Why does Osborne have to use an analogy with energy that he and his speech writers know is essentially misleading? We get to the answer soon, and it has nothing to do with the risk of British taxpayers standing behind Eurozone banks ... (Osborne might feel rather relieved of the converse - Eurozone taxpayers standing behind British banks, given the difficulty he has already expressed in the speech, of going to sleep at night knowing that if our banks went under, we'd have public debts of 600% of GDP to worry about). the British taxpayers play their usual role in this speech of populist sop.

No. The reason for the dishonesty - the thing that needs to remain covered - comes later, while he is apparently on the subject of how voting will work in the EU when the Eurozone does form an inner core:

... the argument for safeguards that we were making last year is becoming more relevant than ever.
And getting the right solutions for the financial services sector must be a vital part of that.

Osborne is referring here to Cameron's December 2011 decision to veto the Treaty extensions, forcing the fiscal stability pact to be a separate multi-lateral treaty amongst the "twenty seven minus one".

My first reaction to that decision was, between gritted teeth, to approve it.
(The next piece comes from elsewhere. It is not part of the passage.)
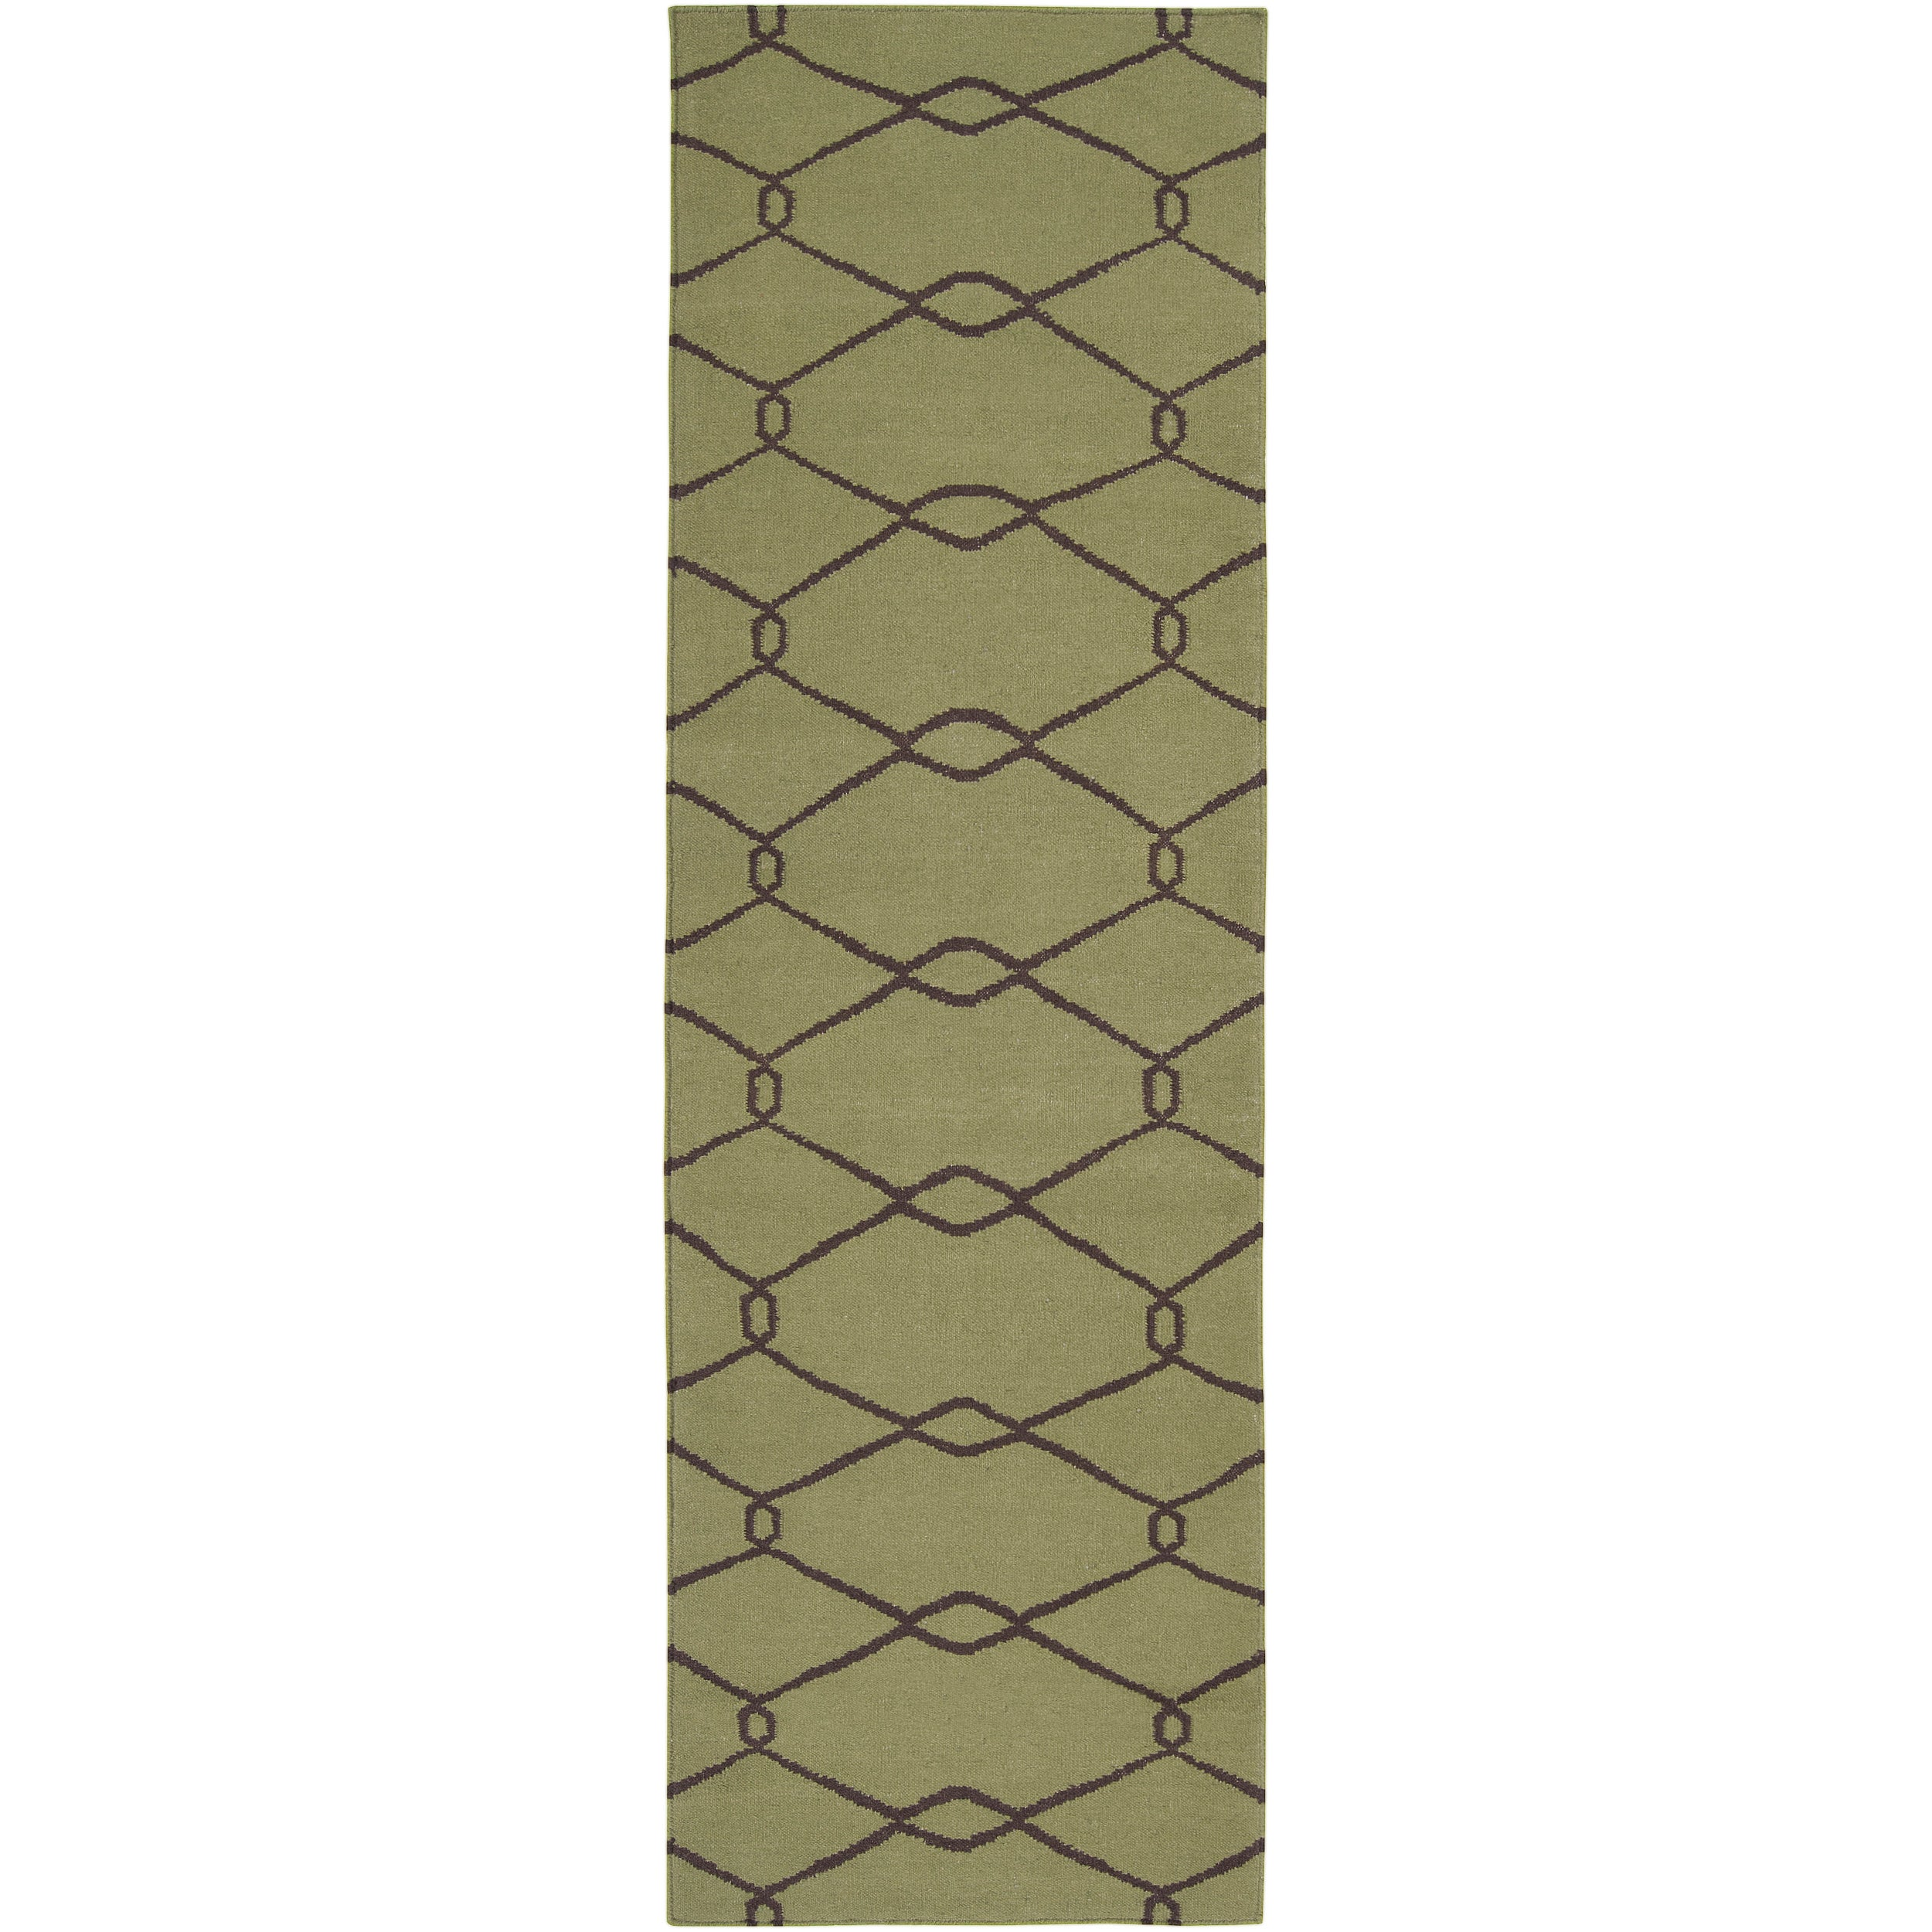 Jill Rosenwald Hand-woven Green Komel Wool Rug (2'6 x 8')

I now think of that as a mistaken reaction of anger and frustration of the moment.

It is getting clearer every day why the motivation for the decision - to make sure that the City not be regulated commonly with the rest of Europe's financial sector - is going to make a resolution of the EU crisis extremely difficult, if not impossible. And the reason why is in Osborne's speech. Britain wants two basically incompatible things: first, for the Eurozone to form a tight union; and second, for that tight union not to impact on the single market in financial products - that really would harm the City, after all. But that is like saying: "we really want these two teams to play football; and if this other team on the sidelines comes in and plays rugby with the same ball and on the same pitch, don't worry. Keep playing." 

You can't have a tight political union that does not keep control of its financial sector. That is precisely what the Euro crisis has been teaching us. And you can't have tight control of finance under a single market in financial services that does not overlap with the political union. Yet that is exactly what Osborne is saying that Britain will continue to veto, and all, it turns out, for what Osborne tries to express as a polite aside to his financier hosts of the evening, "the right solution for the financial services sector."

In the end, we have the same buried unsayable in the second half of Osborne's speech as in the first: the interests of the City determine economic and European policy, but this can't be expressed honestly, because the City does not have democratic legitimacy.

Fixing the root of the problem - creating true democratic support for the institution (it is possible for people to really want this - look at Swiss banking and finance) - is in the end not a project that the Treasury, or Westminster generally, seems likely to be willing to engage in.